Fall from a height is high energy trauma. The causes include both accidental falls and suicide attempts. The literature and also our previous study demonstrated that this kind of patients, during their recovery time, need a high multidisciplinary workload with significant costs. The present study is the first researching the patterns of the non-acute orthopedic complications after a trauma precipitation that required a new hospitalization and surgical procedure.

METHODS

Retrospective study and analysis of orthopedic complication characteristics of patients fallen from height.
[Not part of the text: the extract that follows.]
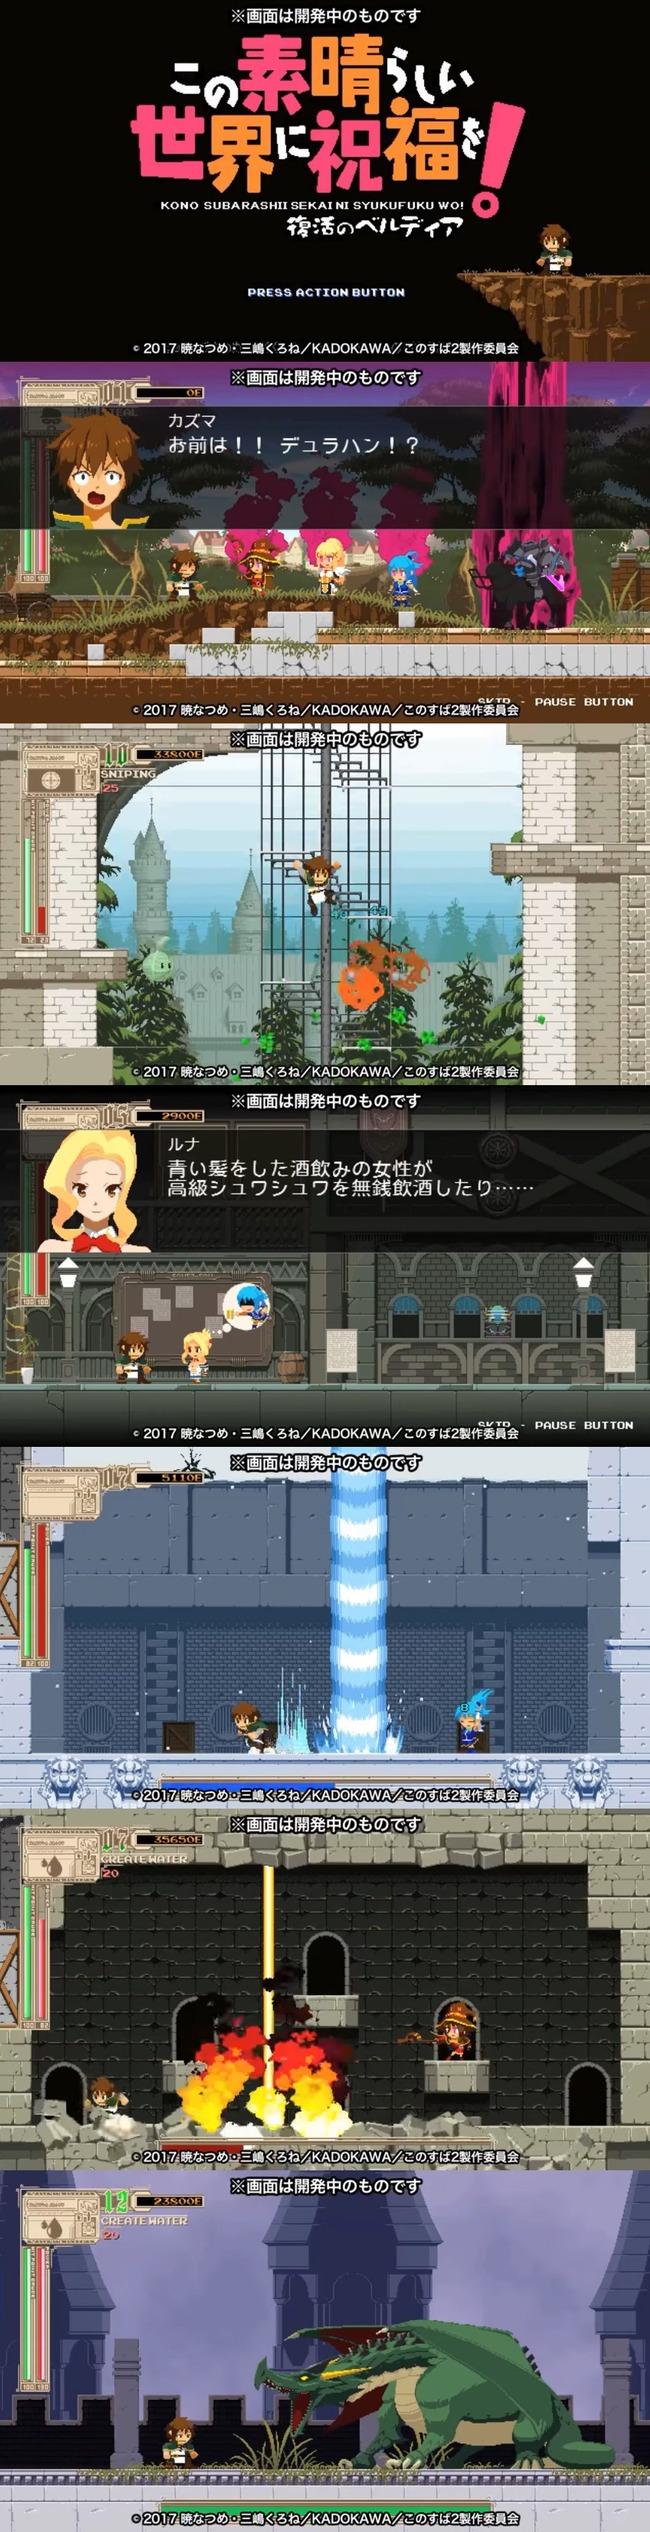 このすば ゲームに関連した画像-02

We researched the possible relation between the complication pattern (soft tissue or bone involvement) and the case character (psychiatric or non-psychiatric patients, type of fracture and kind of fixation).

RESULTS

The 18.83% of all patients (154 cases included) needed a new admission to perform further surgical procedures (9.74% of psychiatric patients and 9.09% of unvoluntary victims). Our data showed that patients with psychiatric disorder were associated with a statistically significant (p < 0.05) increase in soft tissue complications (46.67%) and onset of non-union after internal osteosynthesis and external fixation (72.72%), respectively.

CONCLUSION

According to the results obtained, we can conclude that osteosynthesis in psychiatric patients is related to well-defined and predictable complications.

摘要

目的

高处坠落属于高能创伤。其病因包括意外坠落和自杀企图。文献和我们之前的研究表明,这类患者在康复期间需要高度的多学科工作量,同时也伴随着高昂的费用。本研究首次探讨了因创伤而需再次住院和接受手术的非急性骨科并发症的发生模式。

方法

回顾性研究和分析高处坠落患者的骨科并发症特征。我们研究了并发症模式(软组织或骨骼受累)与病例特征(精神科或非精神科患者、骨折类型和固定类型)之间的可能关系。

结果

所有患者中有 18.83%(包括 154 例患者)需要新入院进行进一步的手术治疗(精神科患者为 9.74%,非自愿受害者为 9.09%)。我们的数据显示,患有精神障碍的患者与软组织并发症(46.67%)和内固定术后及外固定后的骨不连(72.72%)显著增加相关(p<0.05)。

结论

根据所获得的结果,我们可以得出结论,精神科患者的内固定与明确且可预测的并发症有关。